19.21 Parser Files in CPython
The important parser-related source areas include:
Grammar/python.gram
Parser/
Python/ast.c
Include/internal/
Lib/ast.py
Lib/test/test_grammar.py
Lib/test/test_syntax.pyThe exact file boundaries can change, but the conceptual split is stable:
| Area | Role |
|---|---|
| Grammar | Defines Python syntax |
| Parser generator | Produces parser implementation from grammar |
| Parser runtime | Consumes tokens and applies grammar rules |
| AST construction | Builds AST nodes |
| AST validation | Checks structural correctness |
| Tests | Protect syntax and diagnostics |
When reading CPython, start with the grammar. Then follow how a grammar rule creates AST nodes.
19.22 Example: Parsing a Function
Source:
def square(x):
return x * xToken-level view:
NAME "def"
NAME "square"
LPAR "("
NAME "x"
RPAR ")"
COLON ":"
NEWLINE
INDENT
NAME "return"
NAME "x"
STAR "*"
NAME "x"
NEWLINE
DEDENT
ENDMARKERAST-level view:
Module
FunctionDef
name: "square"
args:
arguments
arg: "x"
body:
Return
BinOp
left: Name "x", Load
op: Mult
right: Name "x", LoadThe parser creates this hierarchy because the grammar says:
a module contains statements
a function definition is a statement
a function body is a block
a return statement can contain an expression
a multiplication expression contains two operands
a name expression loads a valueEach level gives meaning to the flat token stream.
19.23 Example: Parsing an if Statement
Source:
if score >= 60:
result = "pass"
else:
result = "fail"AST shape:
Module
If
test:
Compare
left: Name "score"
op: GtE
comparator: Constant 60
body:
Assign
target: Name "result", Store
value: Constant "pass"
orelse:
Assign
target: Name "result", Store
value: Constant "fail"The parser must attach else to the correct if.
Indentation tokens help here. The else appears after the DEDENT ending the first block, but at the same indentation level as the if.
This is one place where Python’s layout-sensitive syntax interacts directly with parser structure.
19.24 Example: Parsing a Comprehension
Source:
squares = [x * x for x in values if x > 0]AST shape:
Assign
target: Name "squares", Store
value:
ListComp
element:
BinOp
Name "x"
Mult
Name "x"
generators:
comprehension
target: Name "x", Store
iter: Name "values", Load
ifs:
Compare
Name "x"
Gt
Constant 0Comprehensions are expression syntax, but they contain assignment-like targets and nested clauses.
The parser must distinguish:
[x * x for x in values]from a list literal:
[x * x, y]Both begin with [ and an expression.
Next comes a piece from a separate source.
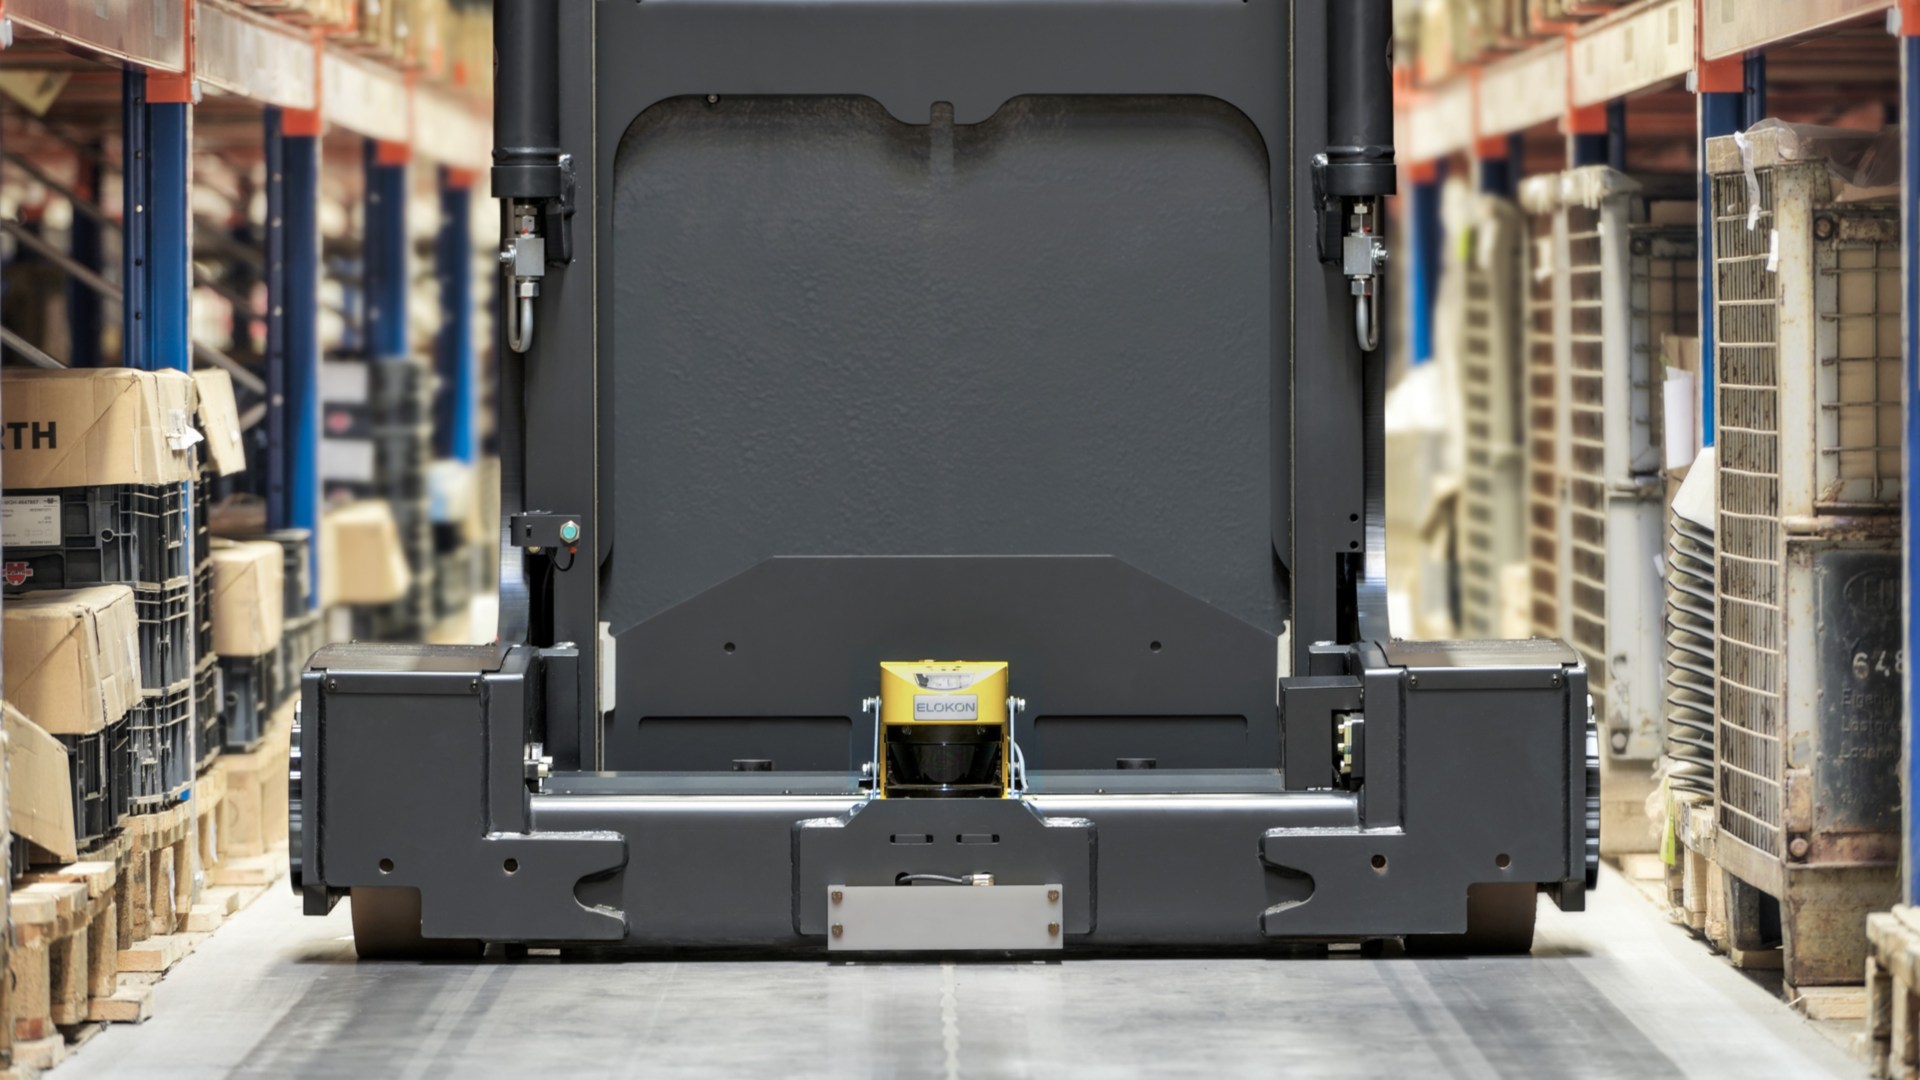 Pallet stacker from Linde Material Handling during maneuvers
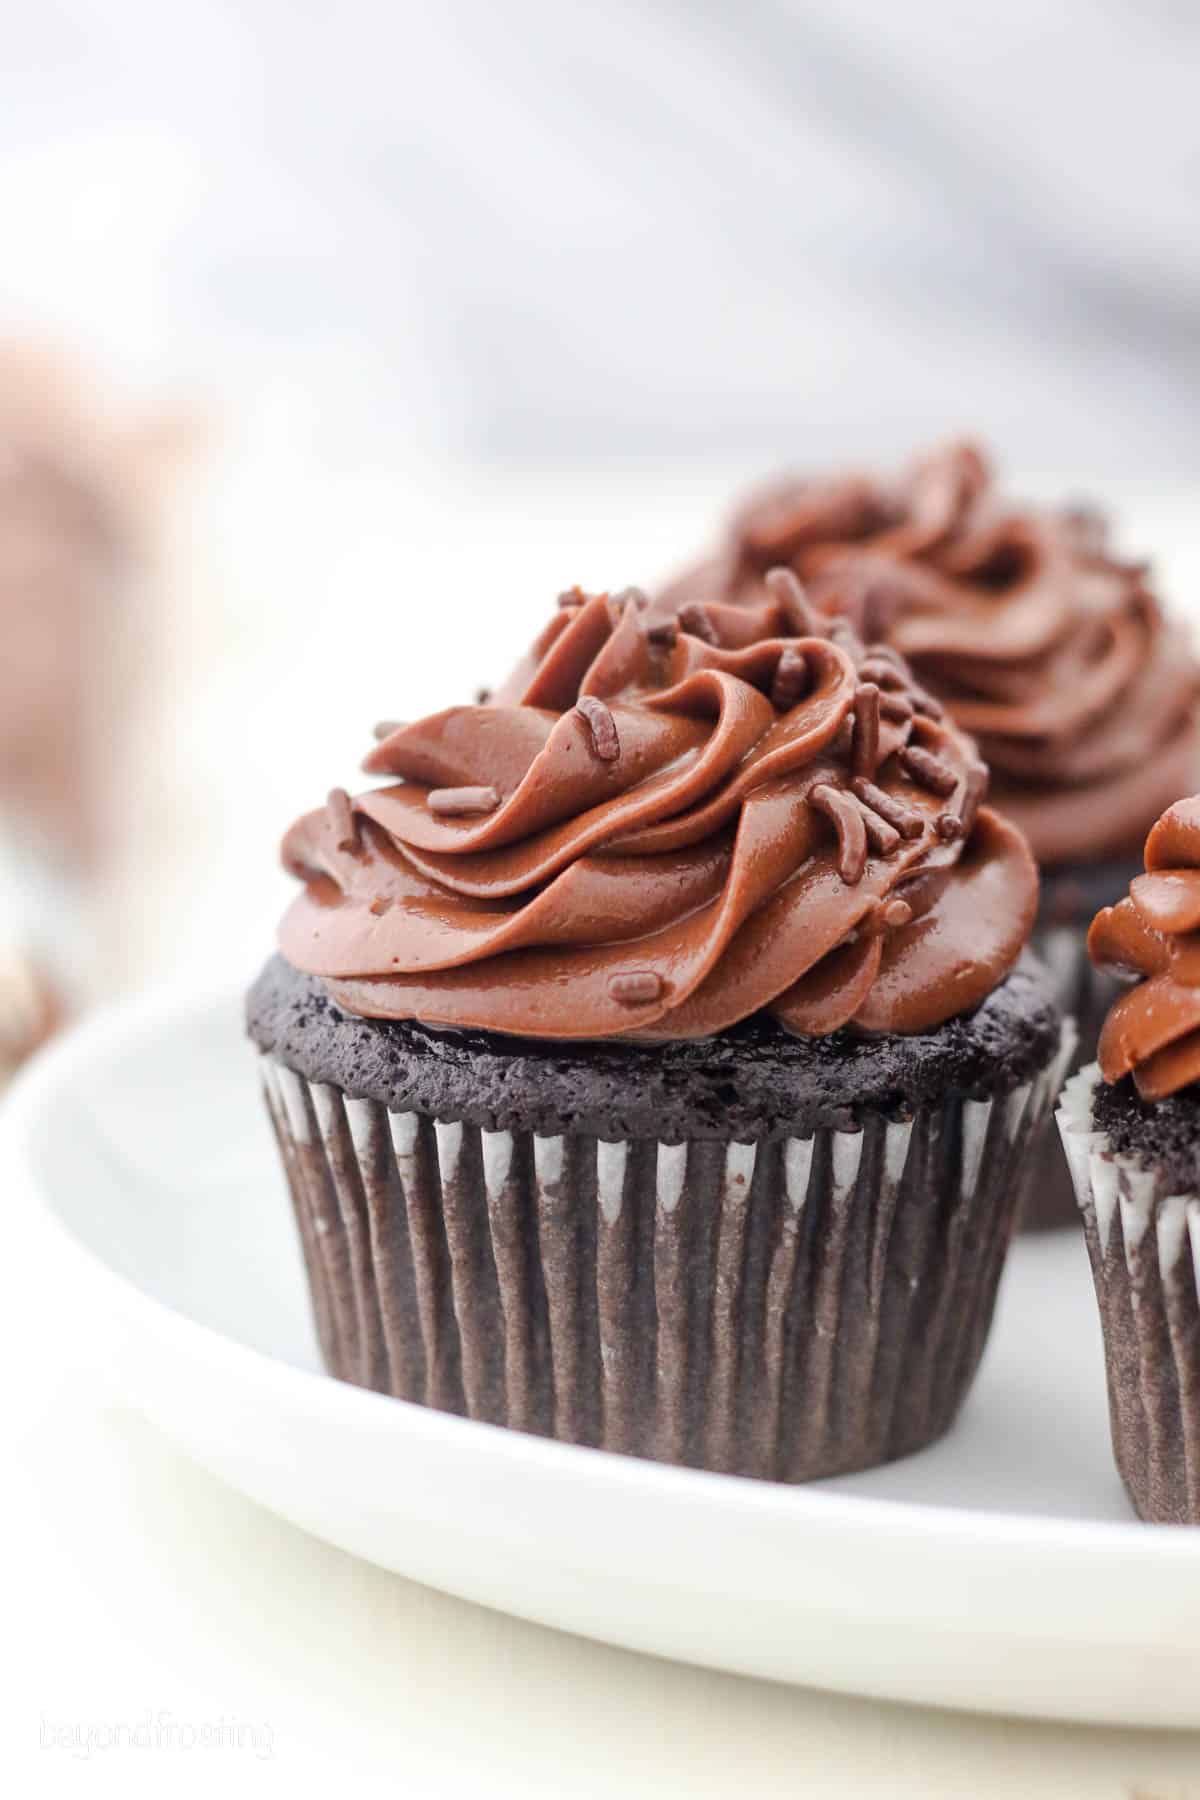 Chocolate cupcakes topped with swirls of chocolate cream cheese frosting and chocolate sprinkles on a white plate.

The token sequence after the first expression determines which structure the parser builds.
19.25 Parser Boundaries
The parser does not execute code.
It does not call functions:
f()It only builds a call node.
It does not import modules:
import osIt only builds an import node.
It does not resolve names:
x + yIt only builds name and binary operation nodes.
It does not evaluate constants beyond what the AST layer represents.
The parser’s job is structural. Later phases assign scope, generate bytecode, and execute operations.
19.26 Minimal Mental Model
Use this model:
The tokenizer emits a flat stream of tokens.
The parser matches that stream against Python grammar.
CPython’s modern parser is PEG-based.
Grammar alternatives are ordered.
The parser builds an AST.
The AST records statements, expressions, contexts, and source locations.
Syntax errors are raised when the token stream cannot form valid grammar.
Some validity checks happen after parsing.Parsing is where source text first becomes tree-shaped. Everything after this stage works with structure rather than raw token order.